Can we please get away from this requirement of a "Voltage Stabiliser". All flat panel TVs have a voltage stabiliser, which is the first component to receive power inside the cabinet. A battery is the most effective smoothing device that you can fit and there are very few that can exceed 13V in use. As most motorhomes will shut down at 10.8V, it is impossible to damage a modern TV if it is connected to a battery supply. Fitting an external power supply will also increase power consumption.
Even if the battery were connected to a powered charger and was showing a charging voltage of 14.3V, the TV would cope with it for exactly the reasons shown above.
If you want the facts talk to the people who make them and not the ones with an interest in selling either the TV or the accessories. Not only have I spoken to the manufacturers, I work with them every day.
Gerry


----------



## jedi

GerryD said:


> Can we please get away from this requirement of a "Voltage Stabiliser".
> Gerry


Could an expert come on and clear this up as it would seem companies like avtex who incorporeate voltage stabiliser and those that make them are not expets.

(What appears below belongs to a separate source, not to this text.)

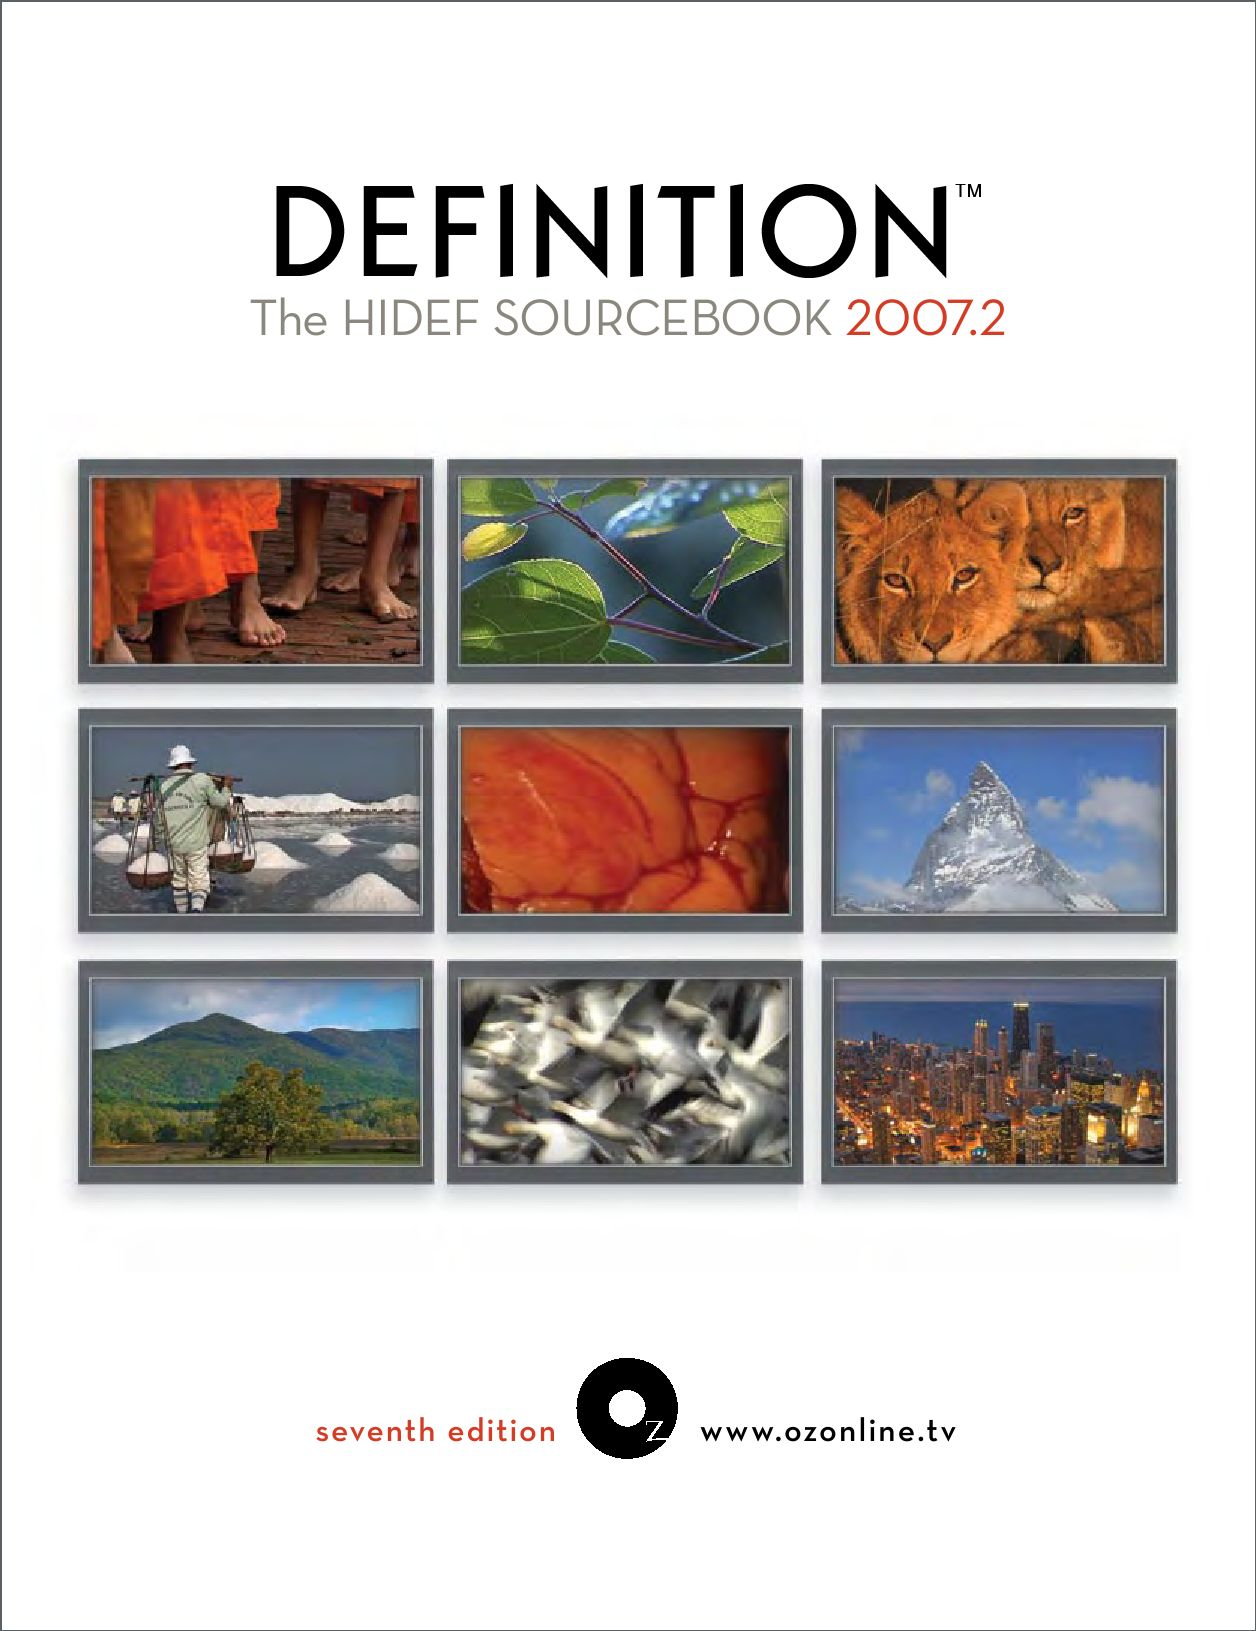 df051e8917cd DEFINITION  The Hi-Def Sourcebook by Oz Publishing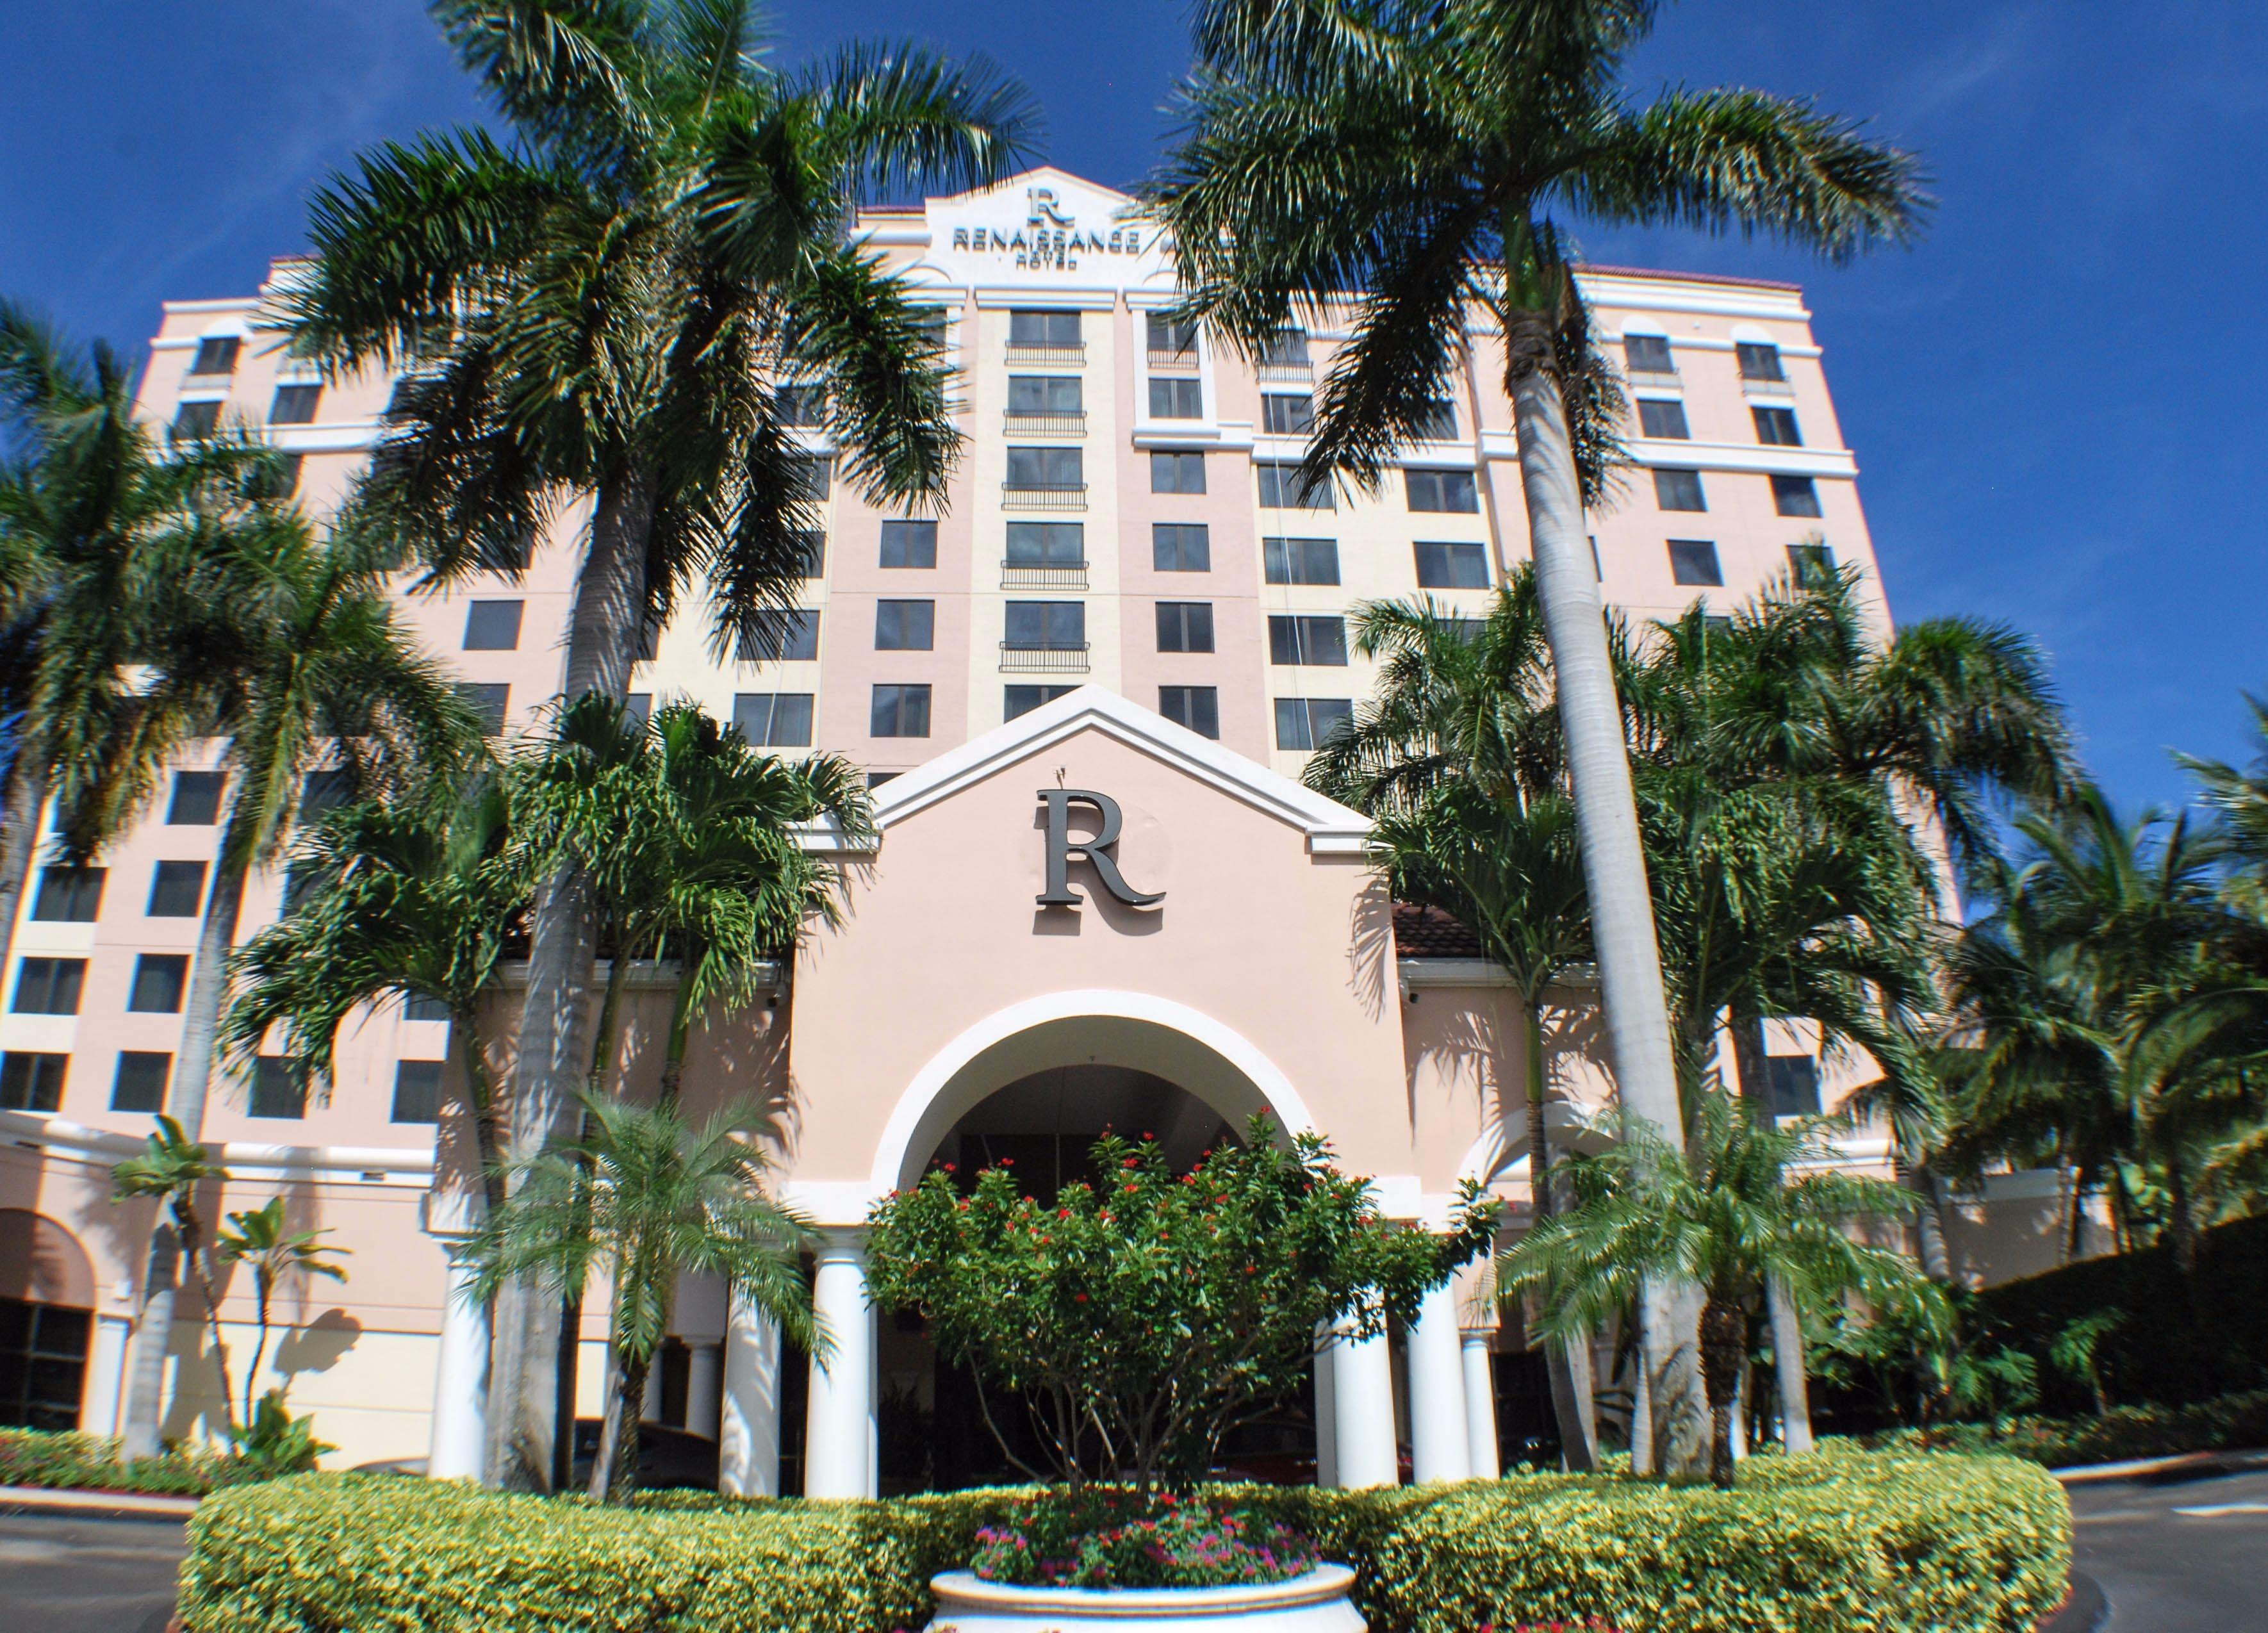 Renaissance Fort Lauderdale Cruise Port Hotel image 0

Seriously I have never heard that it isn't needed before.
Jed

Ps I'm really just trying to see if I can master this quote button!


----------



## Ken38

GerryD said:


> Can we please get away from this requirement of a "Voltage Stabiliser". All flat panel TVs have a voltage stabiliser, which is the first component to receive power inside the cabinet.


Looking at the evidence on this site, most drives me to believe Gerry is right. There seem to lot's of TVs run directly off the battery out there.

Modern cars are full of electronics and any nasty spikes would probably wreck everything so the TV is probably safe.

But the battery voltage will swing more than Gerry suggests. For example when initially connected to an EHU the smart charger will boost the voltage to about 14.4V until the battery gets to about 80% charge and then it will back off to about 13.5V but I still think most 12V TVs will be fine.

Joe Public will see 12volt and plug it into his caravan for sure. So if they were blowing up all over the place Watchdog would be on the trail.

So I will be going commando, no stabilser!


----------



## jonandjules

We have an Avtex dvd combi in the bedroom and it is OK, although the dvd player sometimes won't play certain discs. BUT - the price for them is much too much. I know that it is convenient to have the tv and dvd in the same box but they then share teh same power supply and we definately find these players slow to react.

So, for the lounge we have gone down the LED route and bought a 22" Samsung for about 200. No, it is not 12V but it only uses about 30 watts so a small inverter is all that is needed. We are currently running the TV, the DVD and the Sky box through a Waeco 300w inverter.

Also, these slim LED TVs are very light.

We bought one of the matching Samsung DVD players that hides away in a cabinet - when the dvd and tv are connected via HDMI the TV remote controls the dvd player through the TV.

We rate these Samsung TVs so much we have bought a 19" for our bedroom at home and a 32" for our lounge at home. The picture quality is amazing and unlike the Avtex you can see the image from almost any angle.

Here are the links :

TV http://www.amazon.co.uk/gp/product/B003DNSJ2W/ref=oss_product

DVD http://www.amazon.co.uk/gp/product/B001UEJL3C/ref=oss_product

I know that you were asking about 12V TVs but these really are an 'interesting' alternative, much better quality and cheaper!


----------